● **EXERCISE BRIEF**
Write back every line of the listing exactly, excluding images.

● **PROVIDED MATERIAL**
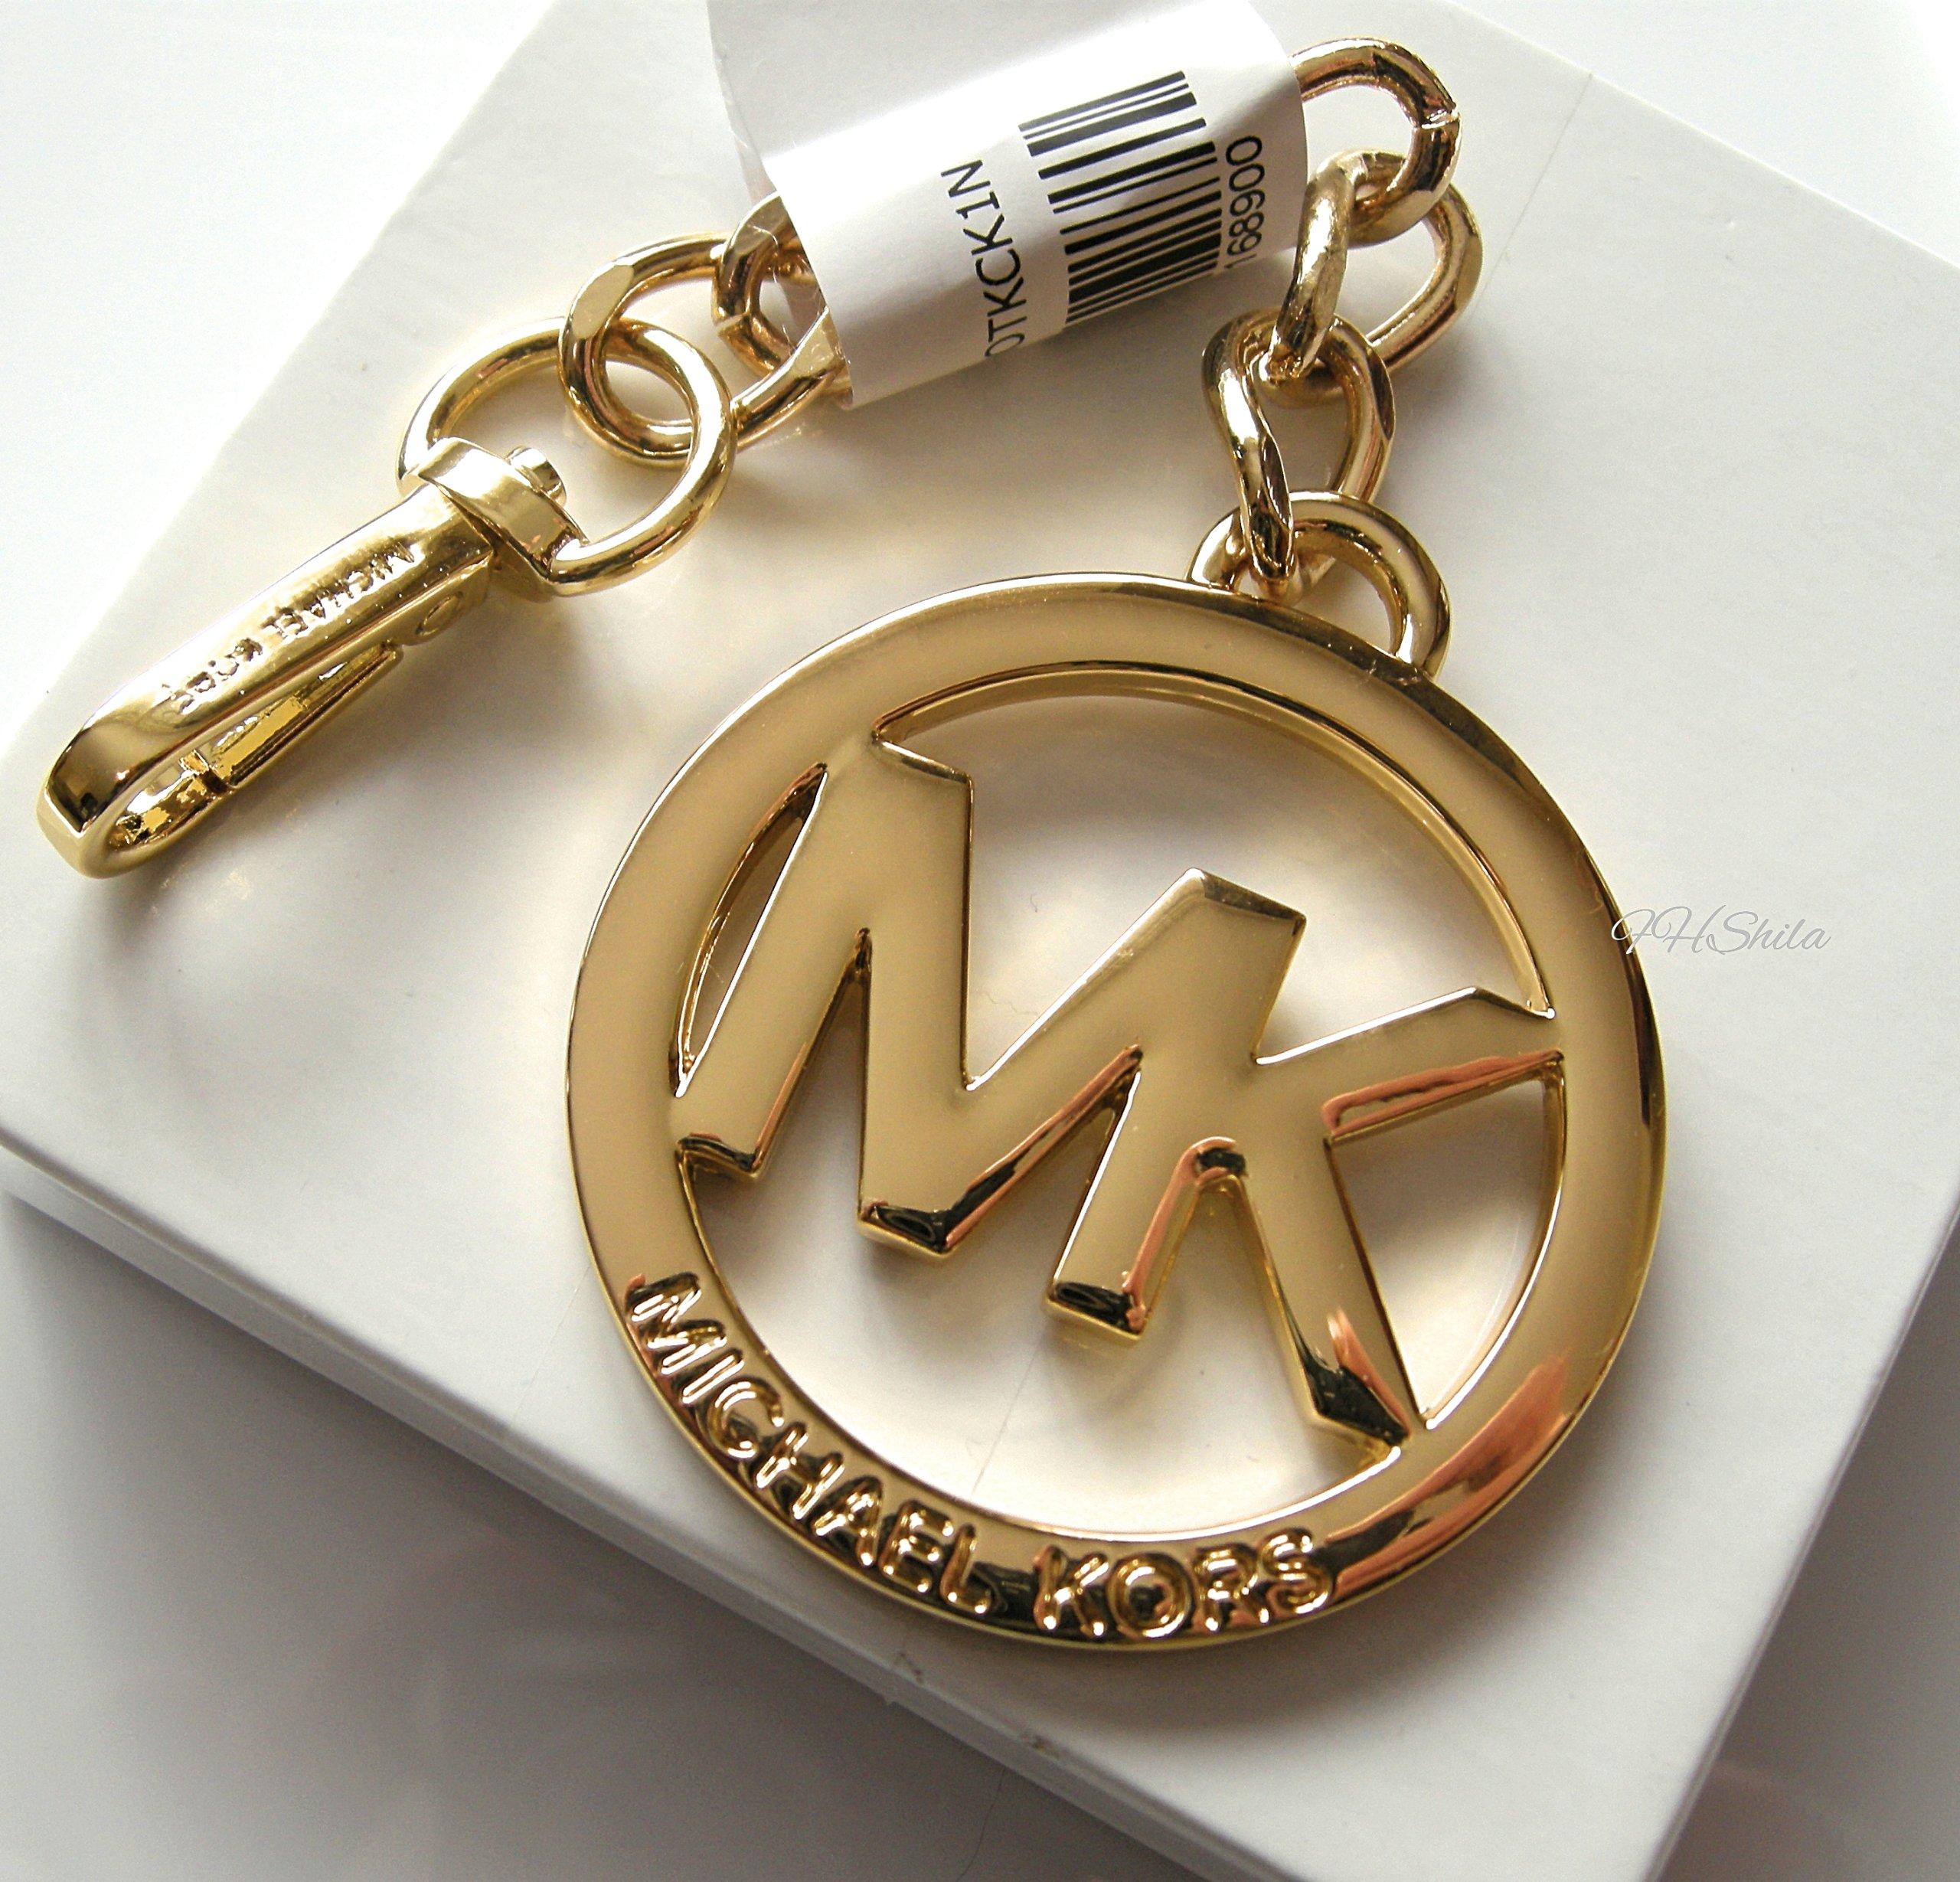 d7a8726b21e56 Michael Kors keychain pozłacany brelok - 7370455884 - oficjalne ...
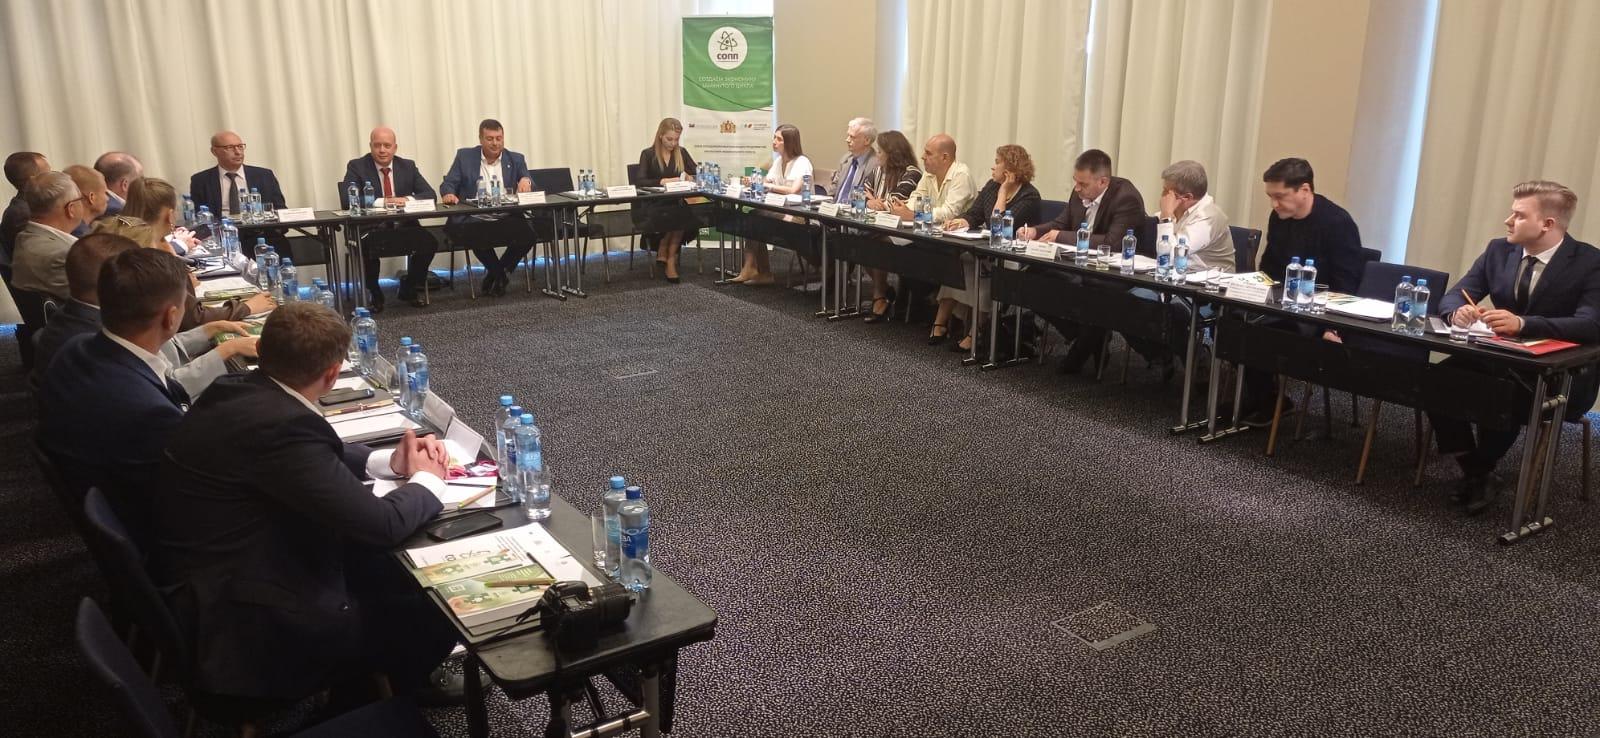 В Екатеринбурге прошло Межрегиональное совещание «Комплексное обращение с отходами производства и потребления по принципу экономики замкнутого цикла»
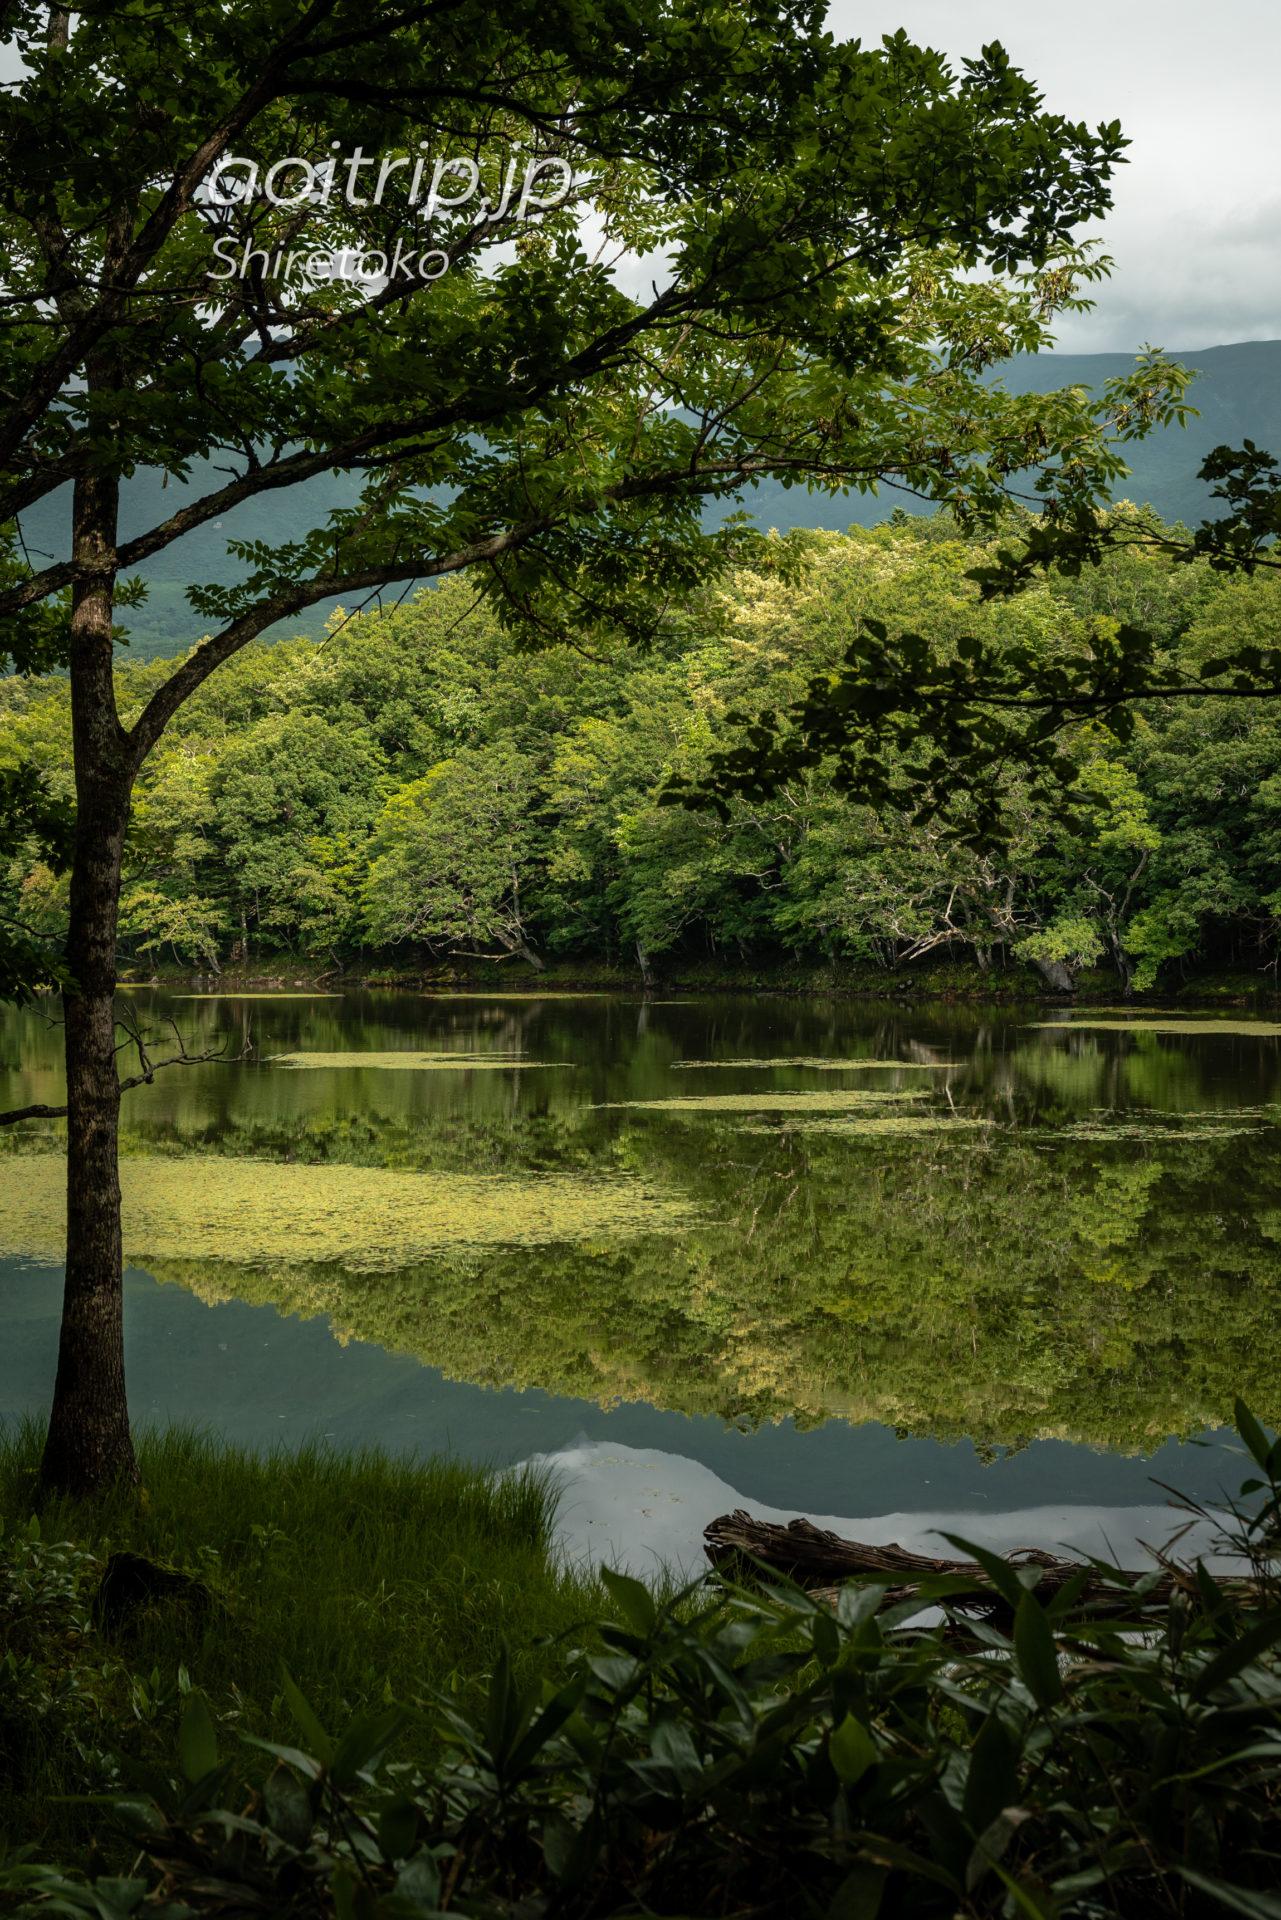 知床五湖 Shiretoko Goko Lakes

● **EXERCISE RESULT**
 d7a8726b21e56 Michael Kors keychain pozłacany brelok - 7370455884 - oficjalne ...
 В Екатеринбурге прошло Межрегиональное совещание «Комплексное обращение с отходами производства и потребления по принципу экономики замкнутого цикла»
 知床五湖 Shiretoko Goko Lakes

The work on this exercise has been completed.